Surly book editor Charlie Lastra, thorn in Nora’s side since a mutual bad first impression years ago, is inexplicably summering in this random North Carolina town as well. And when they wind up in an unexpected Dusty collaboration, which conflicts with Libby’s pre-baby bucket list, Nora finds herself pulled between the most important person in her life—and someone who has the potential to become a close second.

This is Henry’s third romance to take place over a summer (like last year’s People We Meet on Vacation) and second to exist in the Venn diagram of publishing folks’ seasonal wind-down (after her 2020 debut Beach Read). But despite any surface-level similarities to the latter’s premise, in which romance author January Andrews and literary wunderkind Augustus Everett challenge each other to switch writing genres, Book Lovers might as well exist in a different section of the proverbial bookstore.

Beach Read played into that rom-com Pavlovian delight that is watching opposites attract, but for so many of us that’s pretty unlikely.

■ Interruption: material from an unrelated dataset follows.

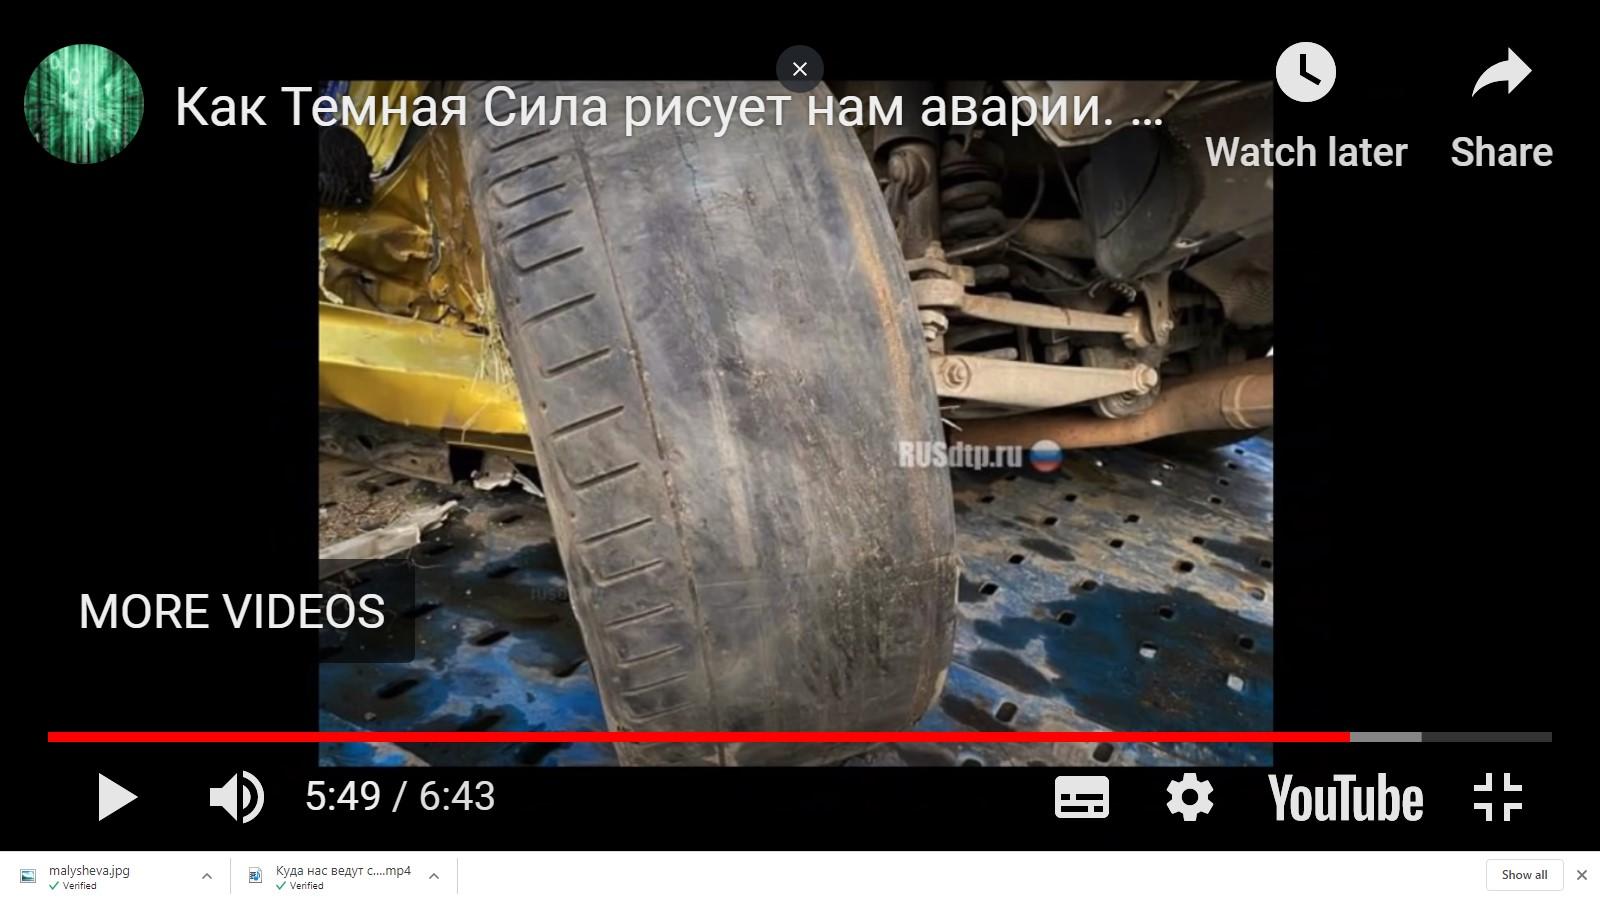 http://images.vfl.ru/ii/1601025147/16fb0e31/31738774.jpg

Even Sally Thorne’s The Hating Game, with its slightly kinky enemies-to-lovers publishing dynamic that makes it a close comp to this, emphasizes the lovers’ every difference from height to attire to sunshine/grump personas. Book Lovers reassures readers that it’s OK to fall for someone who’s not just similar to you but is basically the male version of you down to every ruthlessly ambitious bone and unapologetic adoration for metropolitan life—that is, every “worst” aspect of you that compels others to leave.

Yet the novel also continues a growing trend in contemporary romance that I hope is here to stay, wherein the love affair isn’t the only heartstring being tugged. For most of the novel, in fact, Nora is more emotionally invested in the fact that she and Libby have grown apart, with her main motivation being to bridge that distance and fix whatever it is that saddens or panics her baby sister—despite the “baby” expecting her third child. The friction between these opposites drives the plot, never pitting one life path against a drastically different one but instead exploring the tension of diverging wants.

Nora’s run-ins with Charlie are at first incidental, though despite their charmless first meeting, they seem to have readily established the romance trope of epistolary courting—here, with self-published Bigfoot erotica via work email. Moments like this briefly strain credulity only because of how stridently Nora opposes the barest glimmer of a made-for-TV-movie formula. Yet that seems to be Henry’s point—that the old adage about the truth being stranger than fiction applies even (or especially) to love stories.

I was at first skeptical of setting another novel in the publishing world, to the point where I don’t know how I would have reacted to a January/Augustus Easter egg, but about two-thirds through, it clicked: Beach Read subverts genre snobbery by way of the derision directed at anything written by women, but Book Lovers takes a red pen to supposedly universal romance tropes—again, not wholly excising, but figuring out how they can actually jibe with reality.

The trickiest part of romance is sticking the landing. If readers expect an HEA but your whole book is predicated on life not always ending on a happy note, how do you reconcile the two? There’s a part of me that wonders, if Book Lovers had been written to lean more into the literary fiction side of things, if it might have turned out differently. That said, Henry pulls off an ending that both fulfills the genre tropes while still surprising this teary-eyed reader.

Book Loversis available now from Berkley Books.